What to produce: If a record contains a picture, skip the picture and transcribe the rest exactly.

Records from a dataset
──────────────────────────────

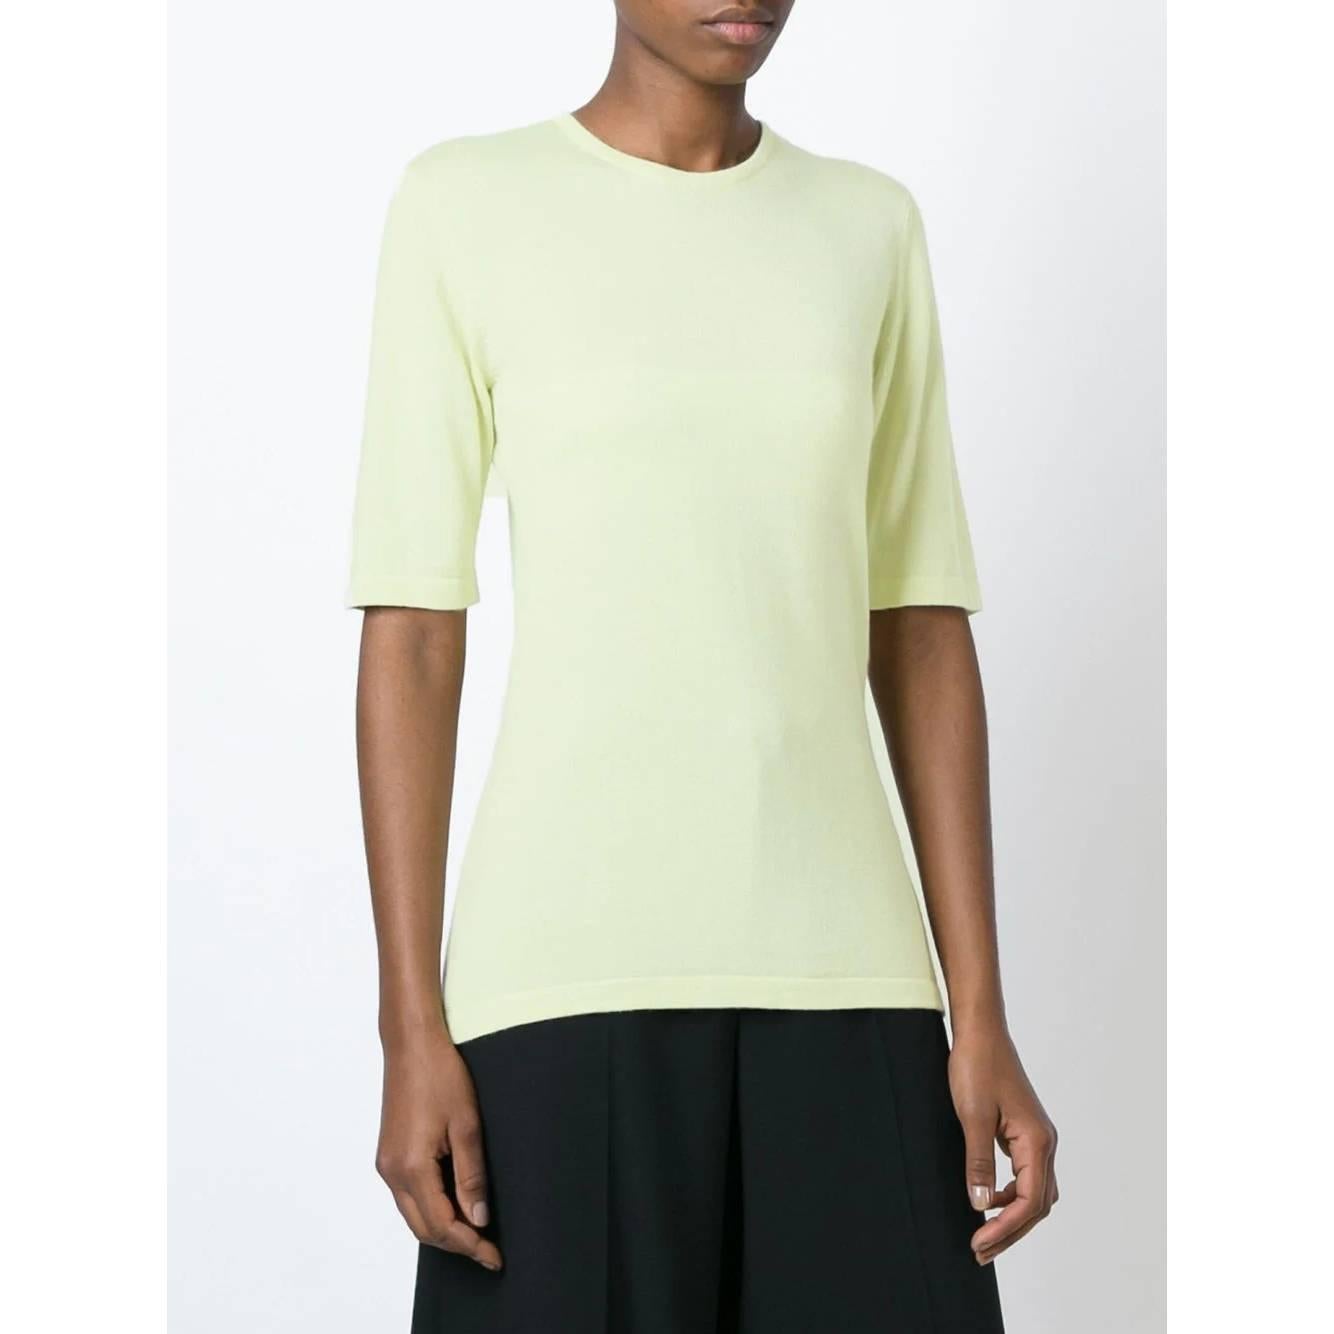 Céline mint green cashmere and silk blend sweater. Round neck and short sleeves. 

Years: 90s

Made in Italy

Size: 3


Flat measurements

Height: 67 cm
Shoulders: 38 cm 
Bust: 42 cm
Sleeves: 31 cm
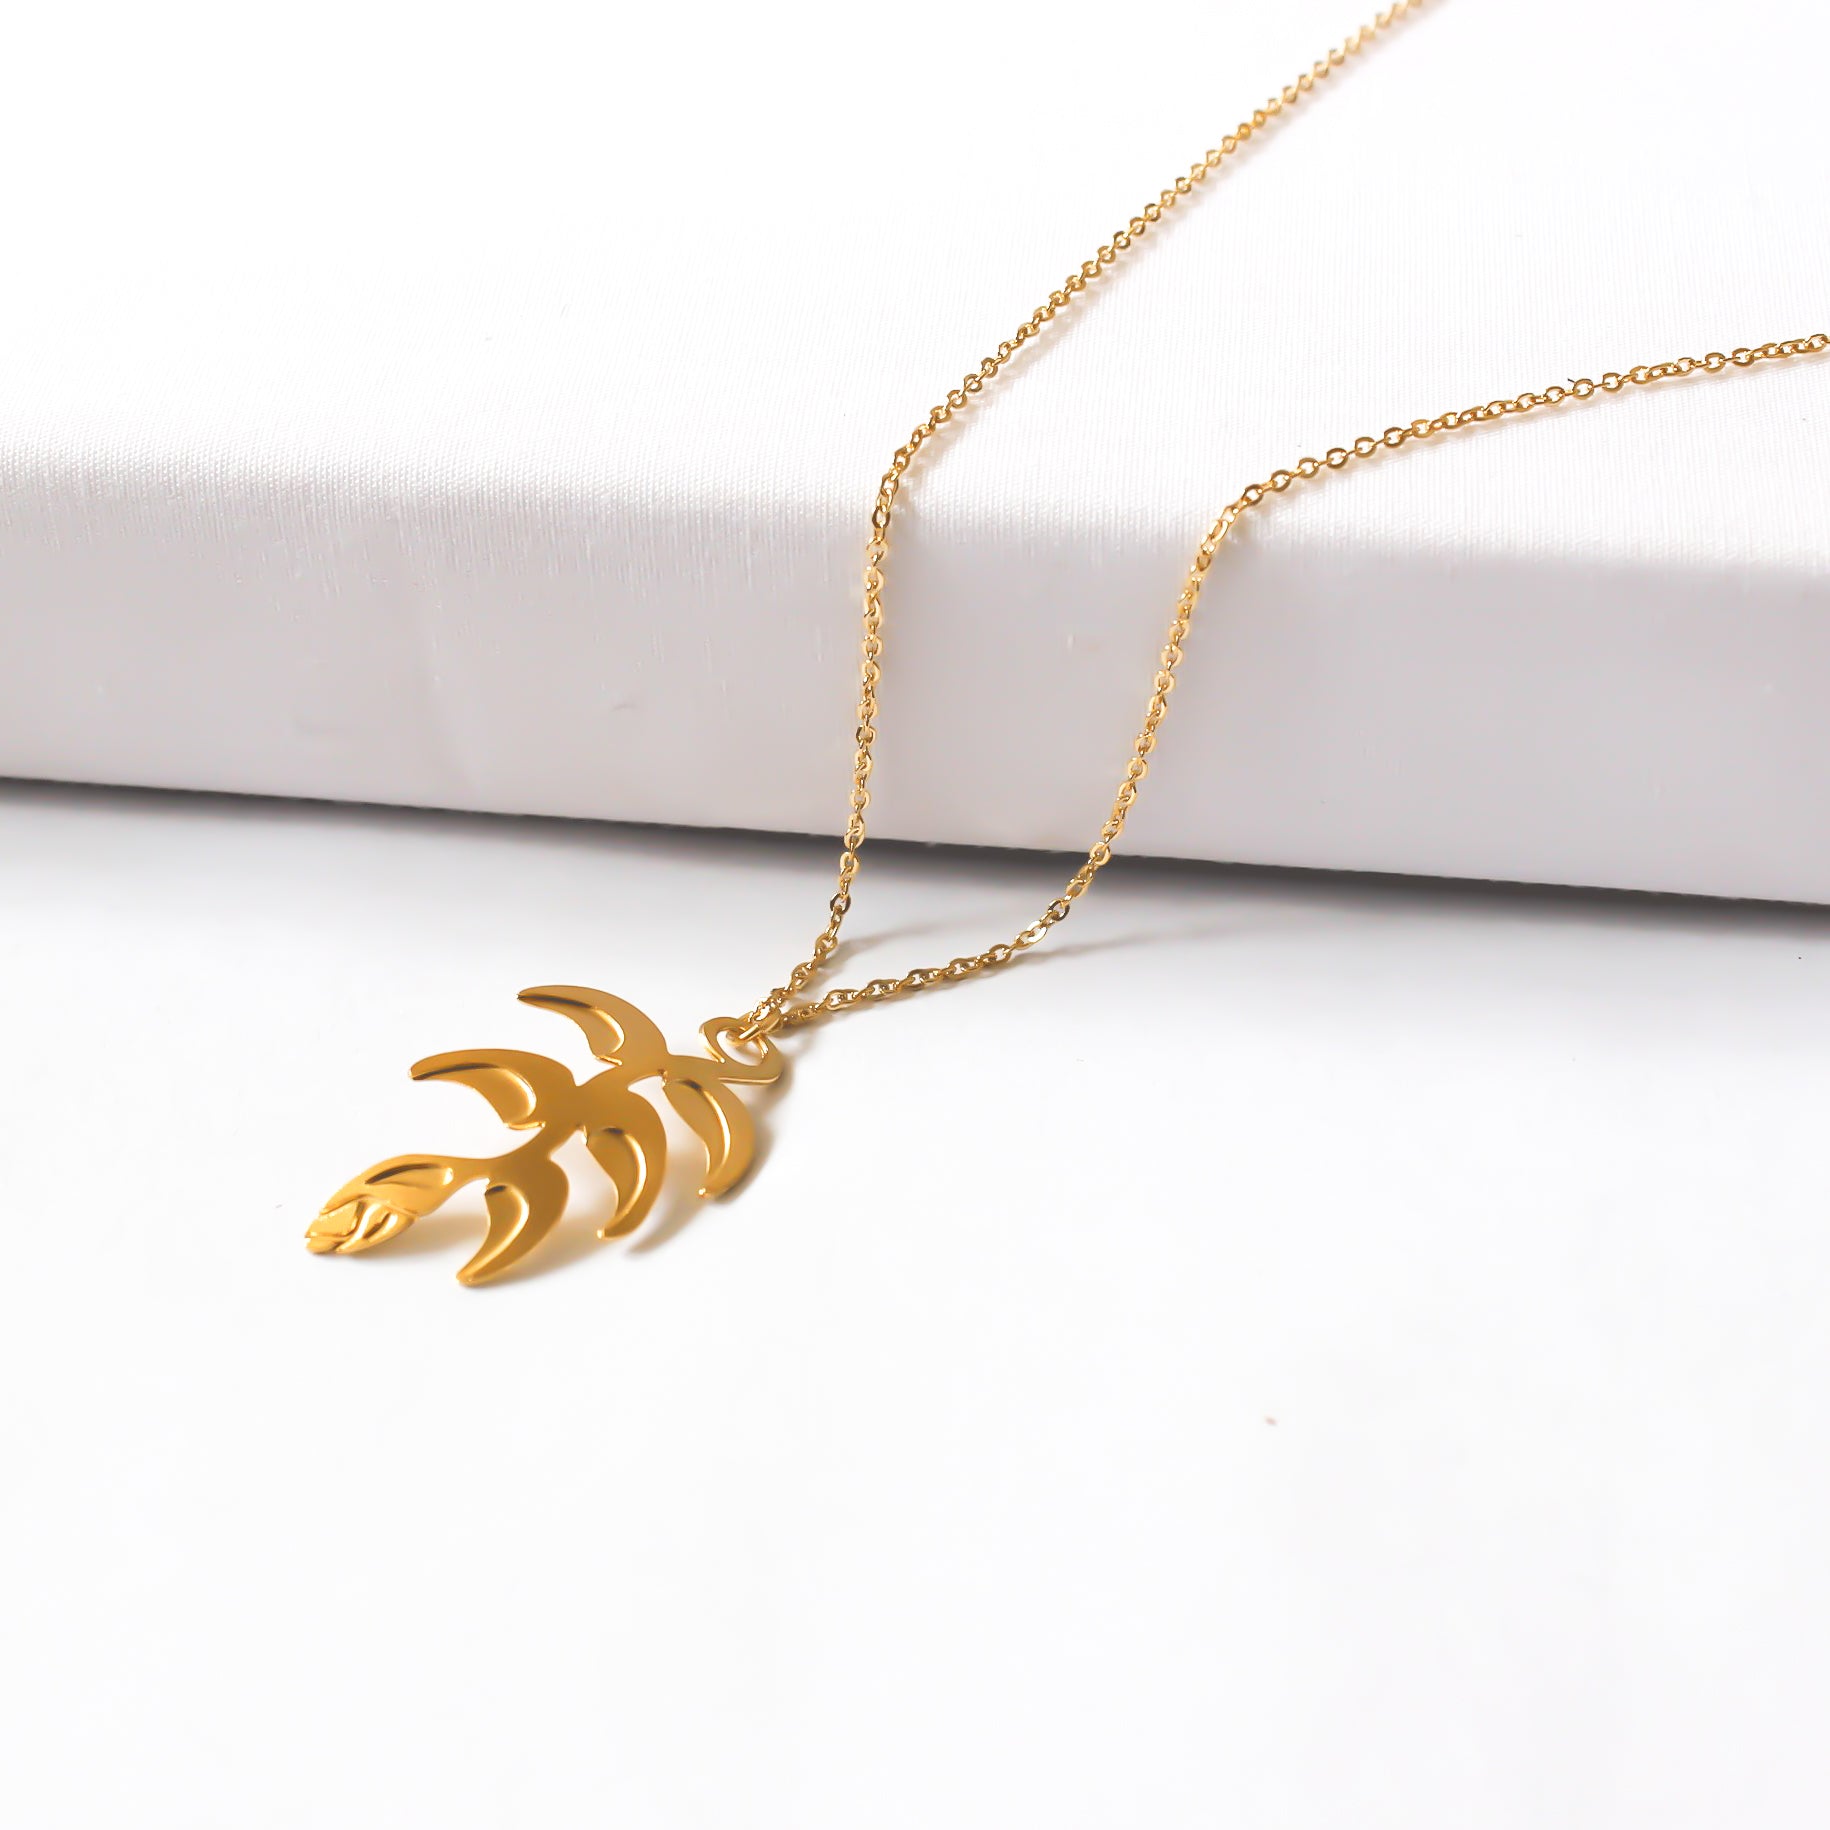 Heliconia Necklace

──────────────────────────────

Output for this task:
 Céline mint green cashmere and silk blend sweater. Round neck and short sleeves. 

Years: 90s

Made in Italy

Size: 3


Flat measurements

Height: 67 cm
Shoulders: 38 cm 
Bust: 42 cm
Sleeves: 31 cm
 Heliconia Necklace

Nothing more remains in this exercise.